__What to work on__: The reply needs the lines from the one containing "Manfaat Investasi Asuransi" through the end of the material, each repeated exactly, and no pictures.

__Provided data__:
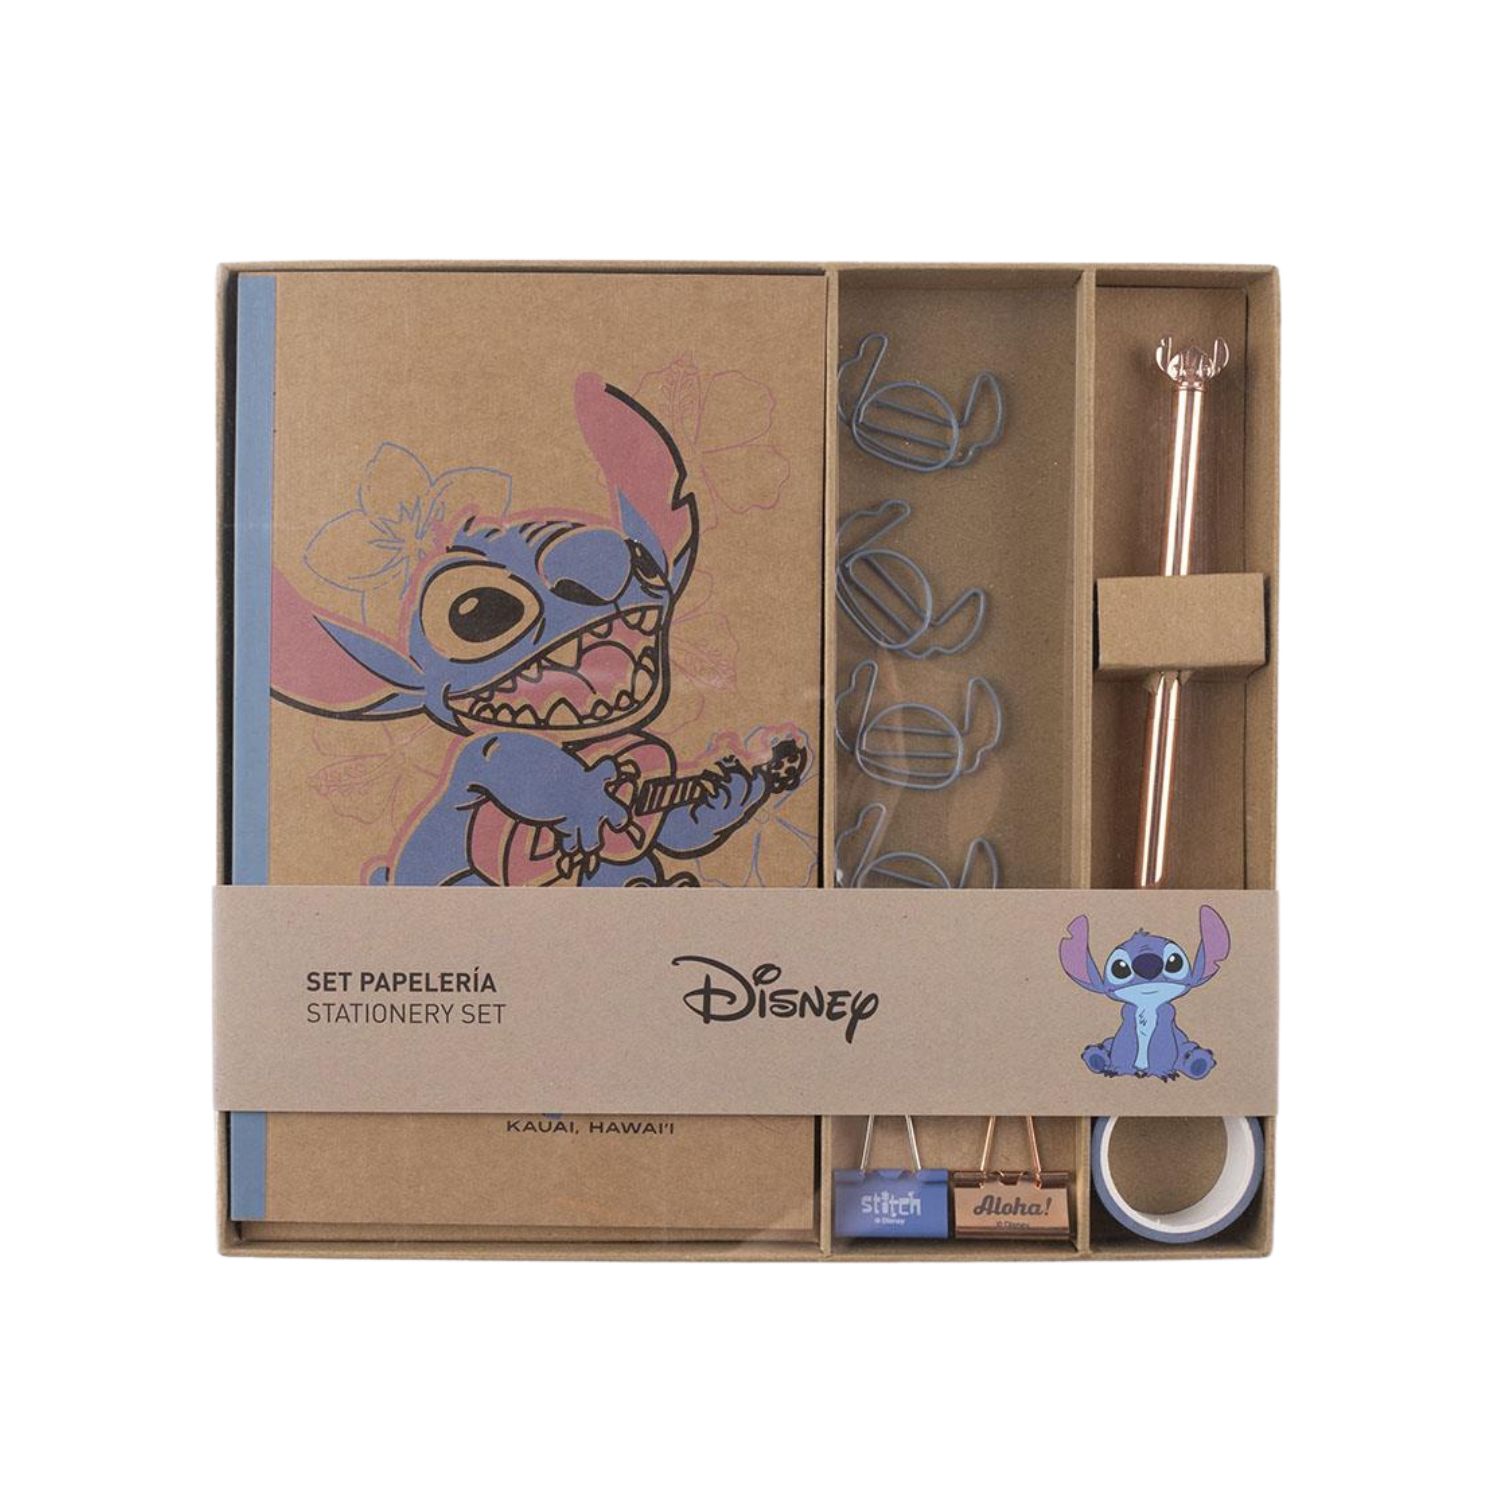 Disney Stitch Stationery Set
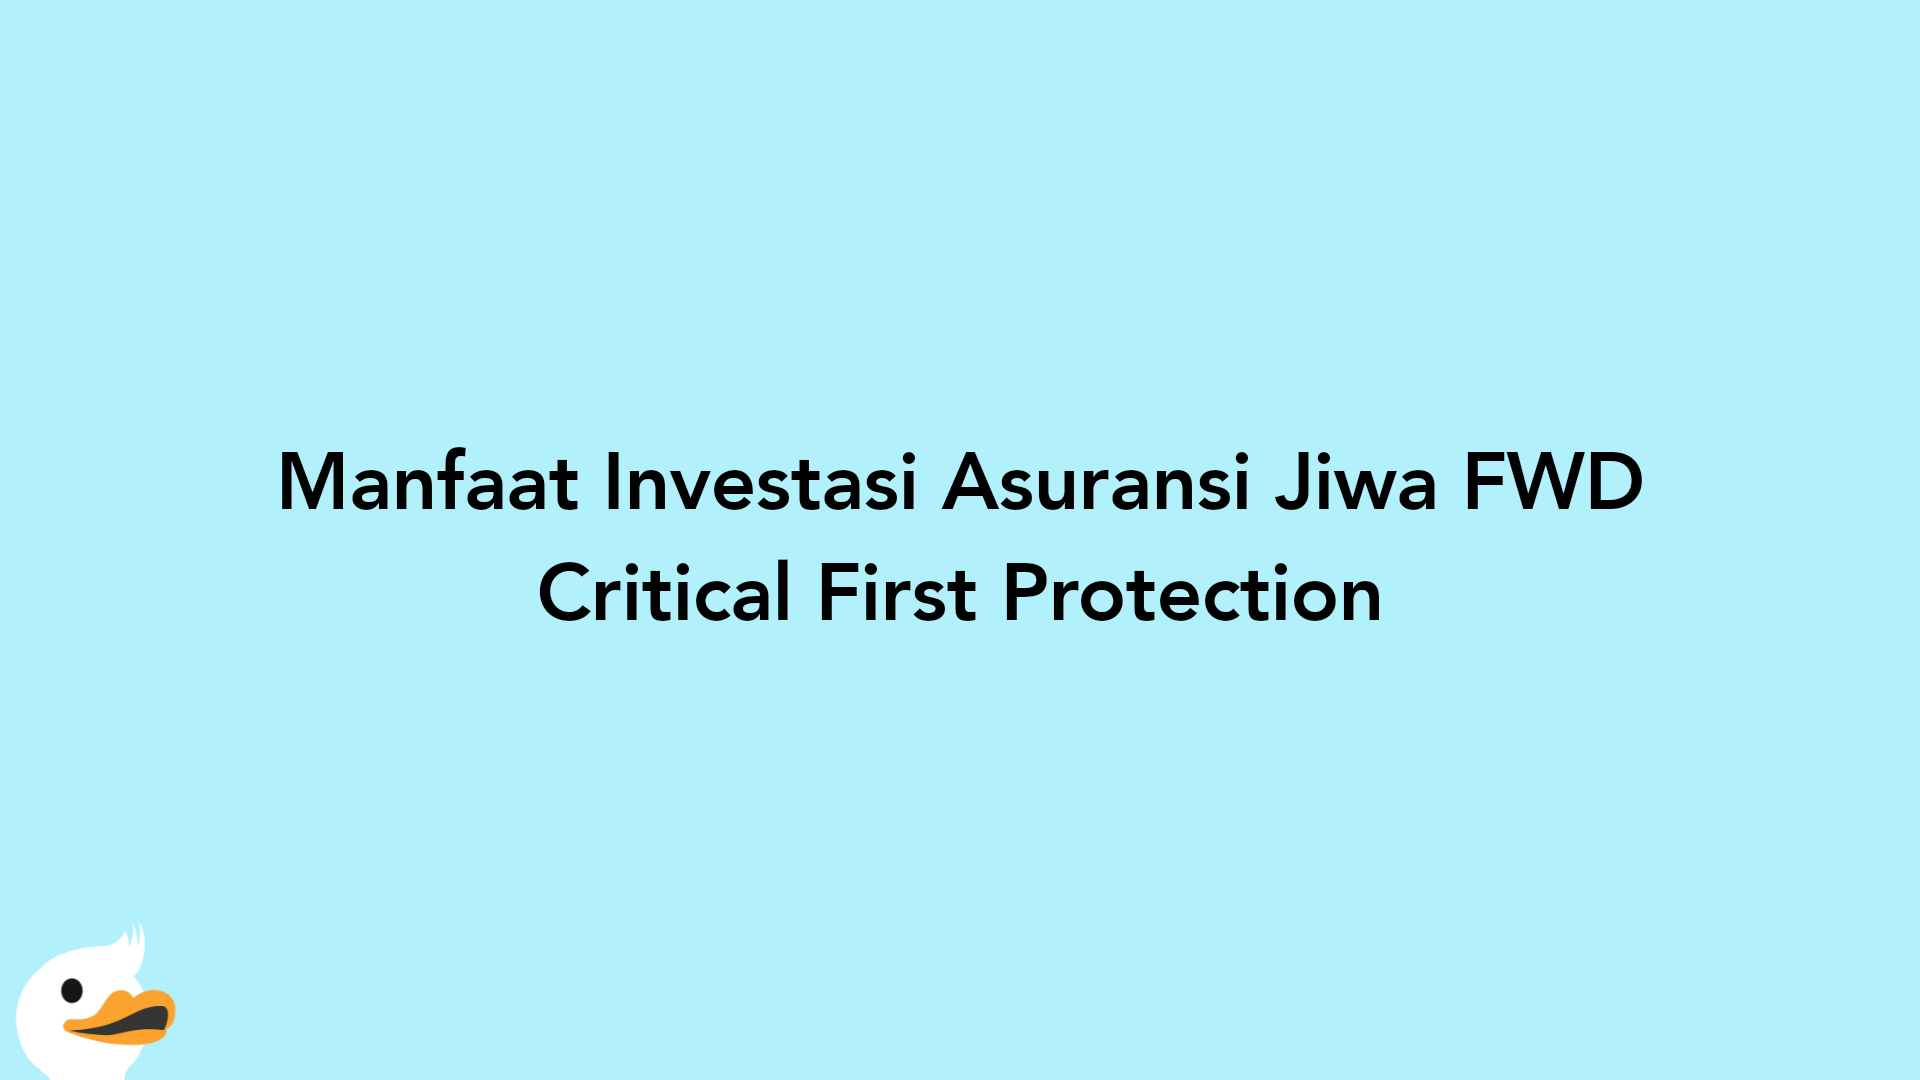 Manfaat Investasi Asuransi Jiwa FWD Critical First Protection
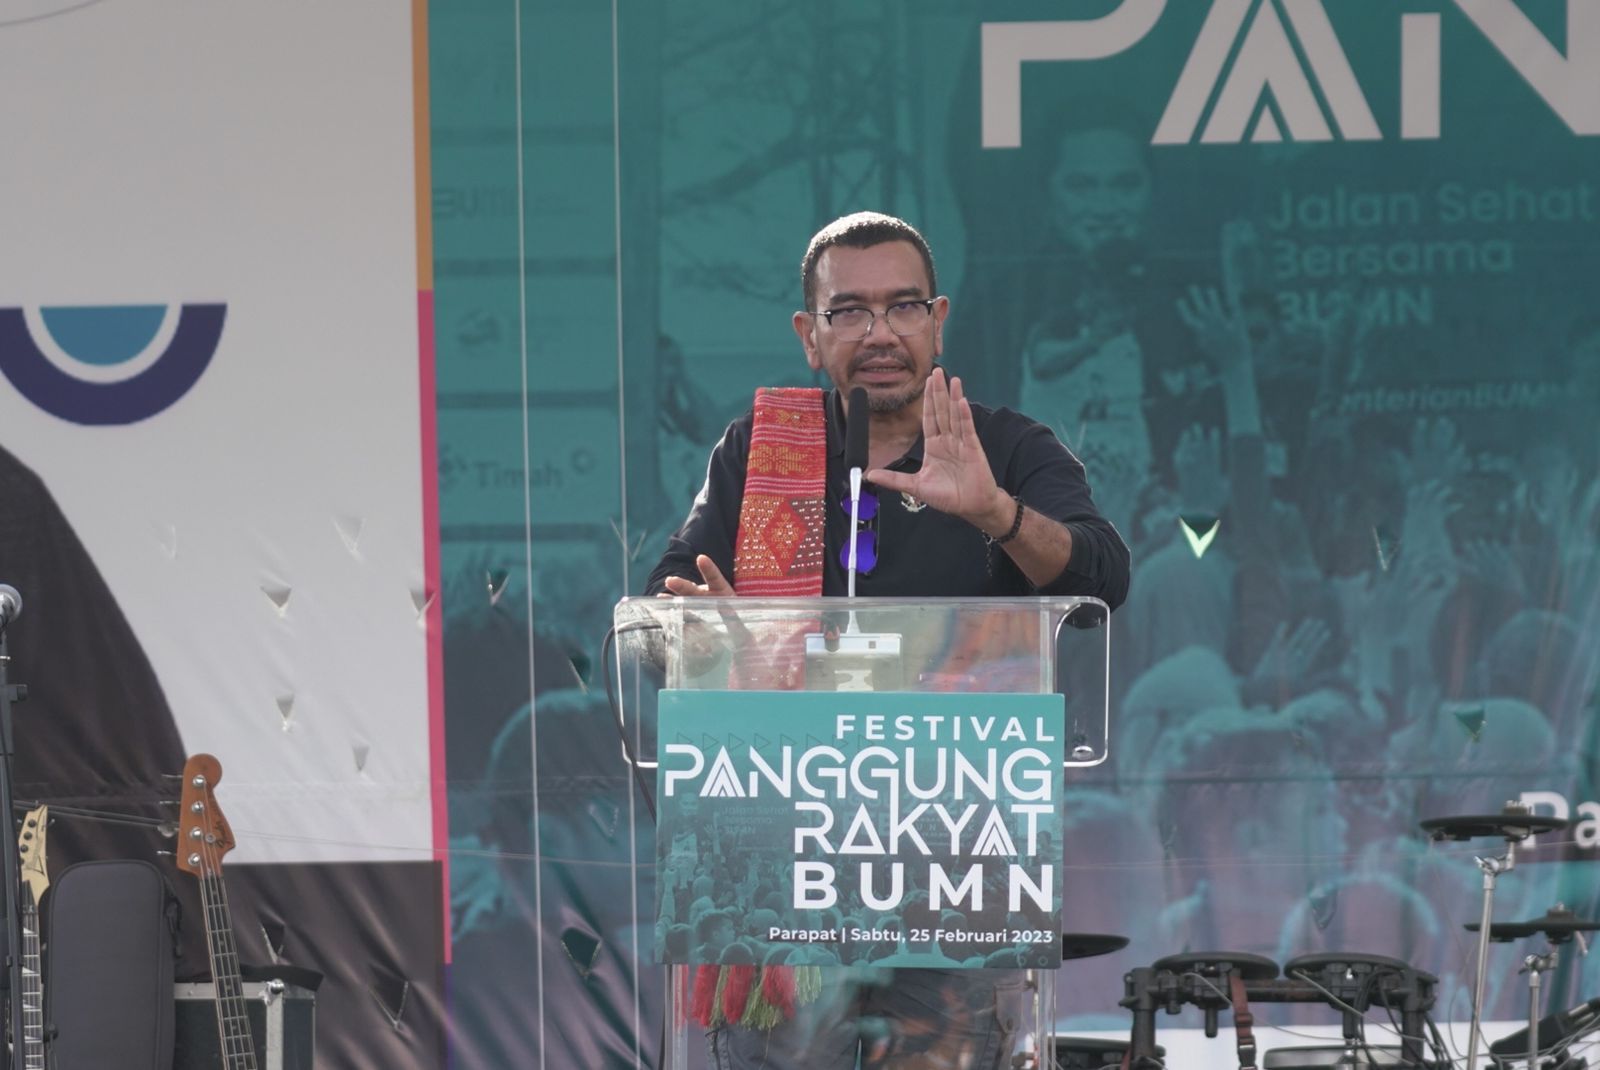 Erick Thohir Berbagi Kebahagiaan Bersama Masyarakat Danau Toba di Acara Festival Panggung Rakyat BUMN
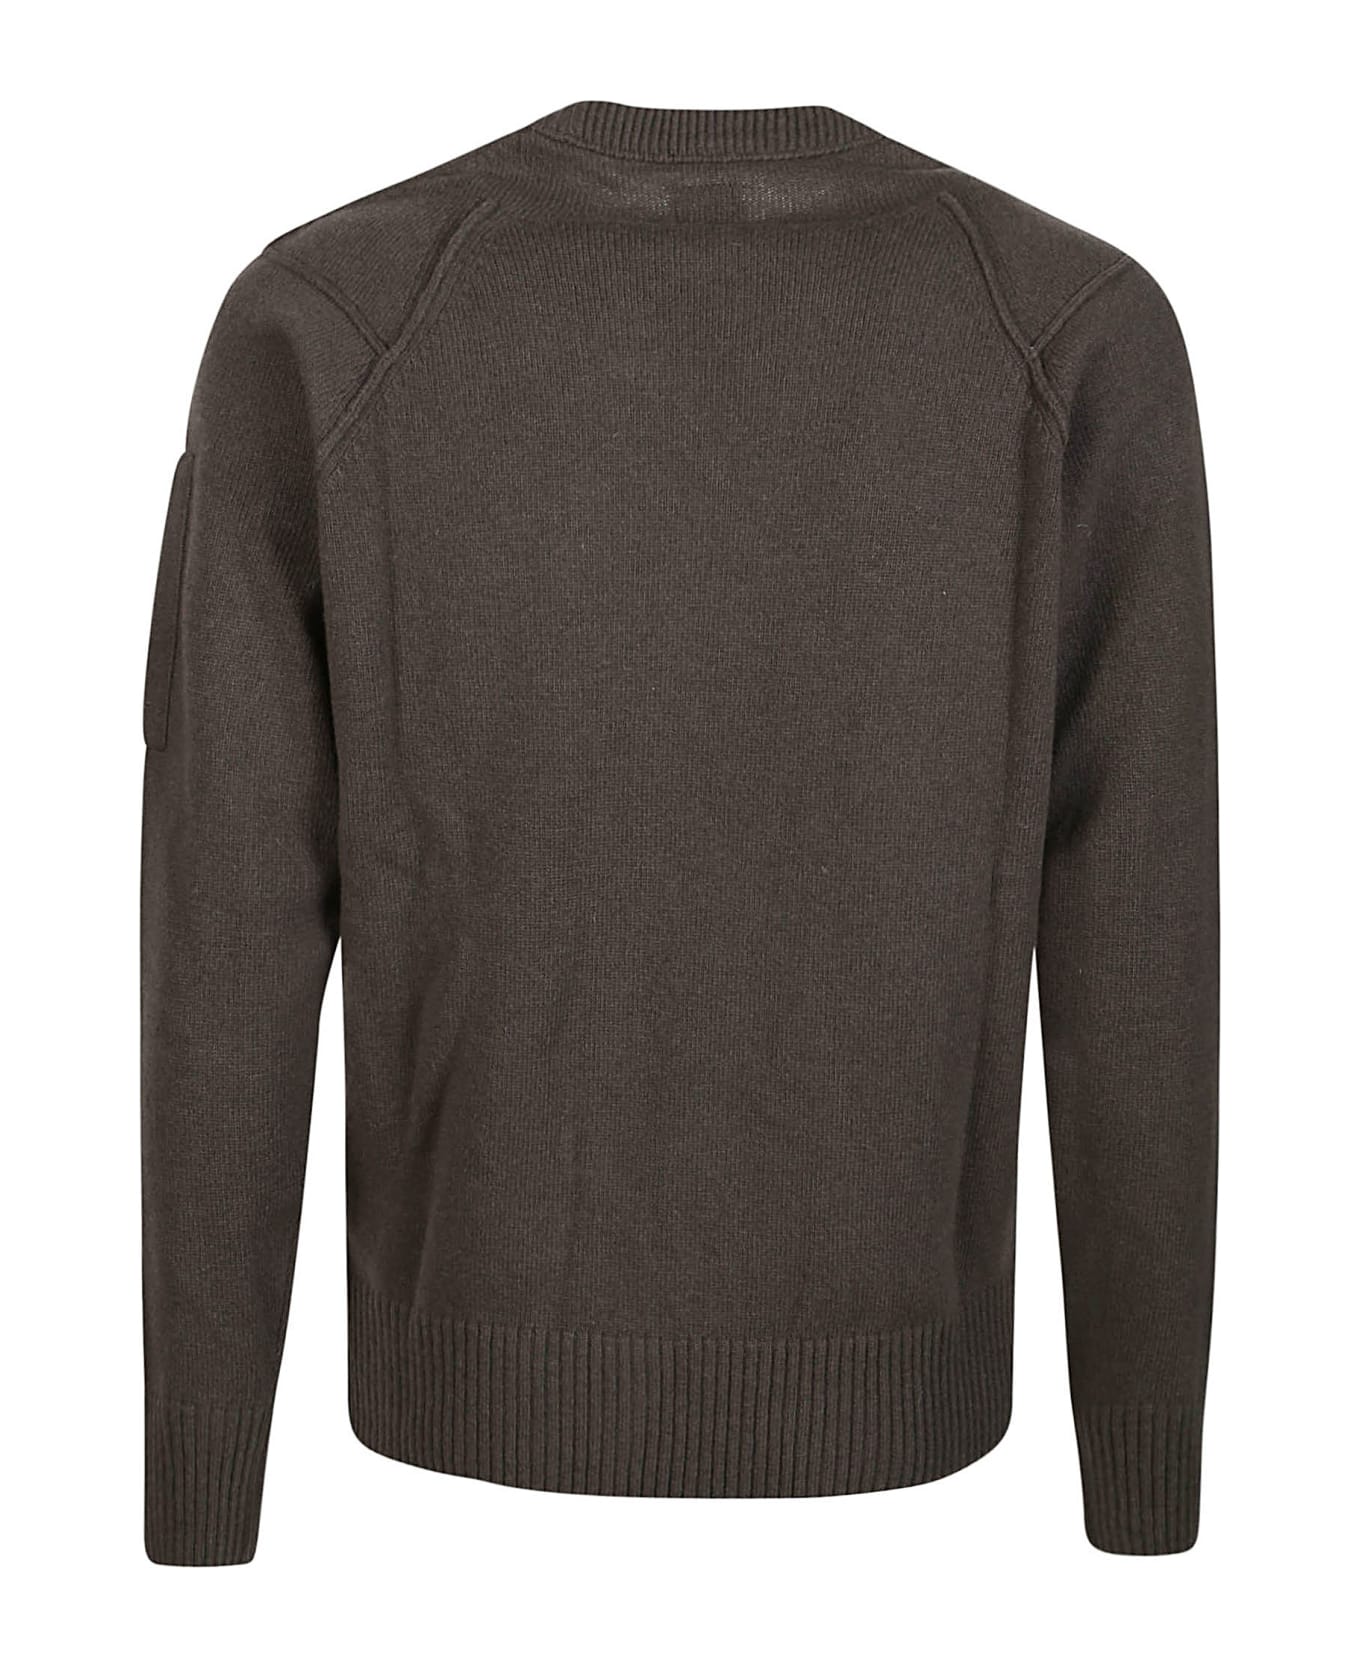 C.P. Company Sweater - Green ニットウェア

__Finished task__:
 Manfaat Investasi Asuransi Jiwa FWD Critical First Protection
 Erick Thohir Berbagi Kebahagiaan Bersama Masyarakat Danau Toba di Acara Festival Panggung Rakyat BUMN
 C.P. Company Sweater - Green ニットウェア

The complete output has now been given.